Spain last year shored up its tottering banks' balance sheets with a €41.3bn programme financed by its eurozone partners.

Recession

But the banks have shown reluctance to lend, economists and industry say, as the eurozone's fourth-largest economy struggles with a 26% unemployment rate and, according to official data compiled by auditors PwC, a 20% rise in bankruptcy filings in 2013.

"The Spanish financial sector has considerably improved its solvability but it is still not playing its crucial role of supporting the economy because the flow of credit to families and businesses has not recovered," said a study released by the Esade business school.

"There has been a lack of credit since mid-2009, the rate of credit extended has diminished, not only for families but also and above all for companies," said the study's author, Josep Manel Comajuncosa.

According to the Bank of Spain, credit in the year to November fell by 4.0% to households and 8.3% to business despite the economy emerging from recession by posting 0.1% growth in the third quarter.

Recovery

Spain has been praised for pursuing ambitious reforms of the banks and for its economic reforms, including deficit-cutting austerity measures that sparked mass protests.

Economy Minister Luis de Guindos forecast this week that economic growth would tick higher, to 0.3% in the final quarter of 2013.

But, increasingly, people are warning about the threat of tight credit.
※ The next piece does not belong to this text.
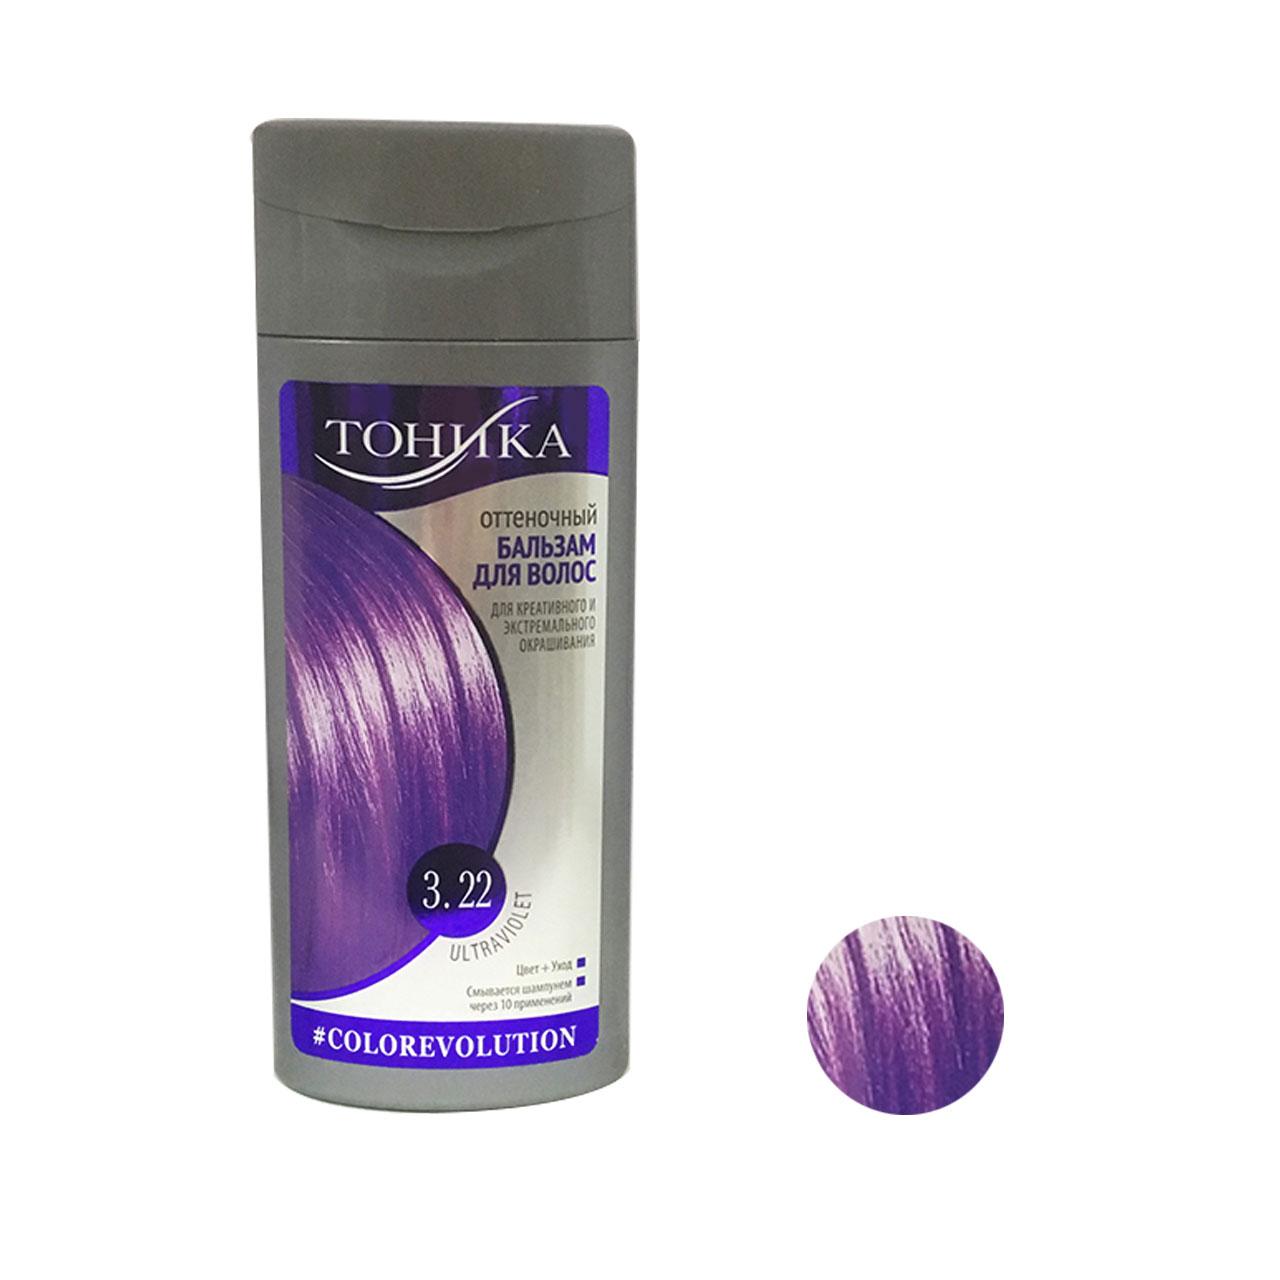 شامپو رنگ مو توهیکا شماره 3.22 حجم 150 میلی لیتر رنگ بنفش

Bank lending to other private sector businesses dropped by 6.75% year-on-year in September 2013, "one of the most rapid contractions among major advanced economies", an IMF report said recently, urging "sustained efforts" to enhance banks' ability to lend and support a nascent recovery.

Corporate sector

Angel Gurria, secretary general of the Organisation for Economic Cooperation and Development, likewise cautioned that access to bank credit was "excessively restrictive", with credit to small and medium-sized businesses sliding by 17% between 2011 and 2012.

The European Commission, too, said that loans to the corporate sector were declining substantially even if some bottoming-out "might be in sight".

Banks, however, say Spain's economic situation remains fragile.

"When the economy has no growth or very moderate growth, credit cannot grow," said a spokesperson for the Spanish Banking Association.

"There is a problem with the quantity and quality of demand: on the one hand the demand for credit in the private sector is still very weak and, on the other, the solvency of businesses and families has deteriorated compared to before the crisis."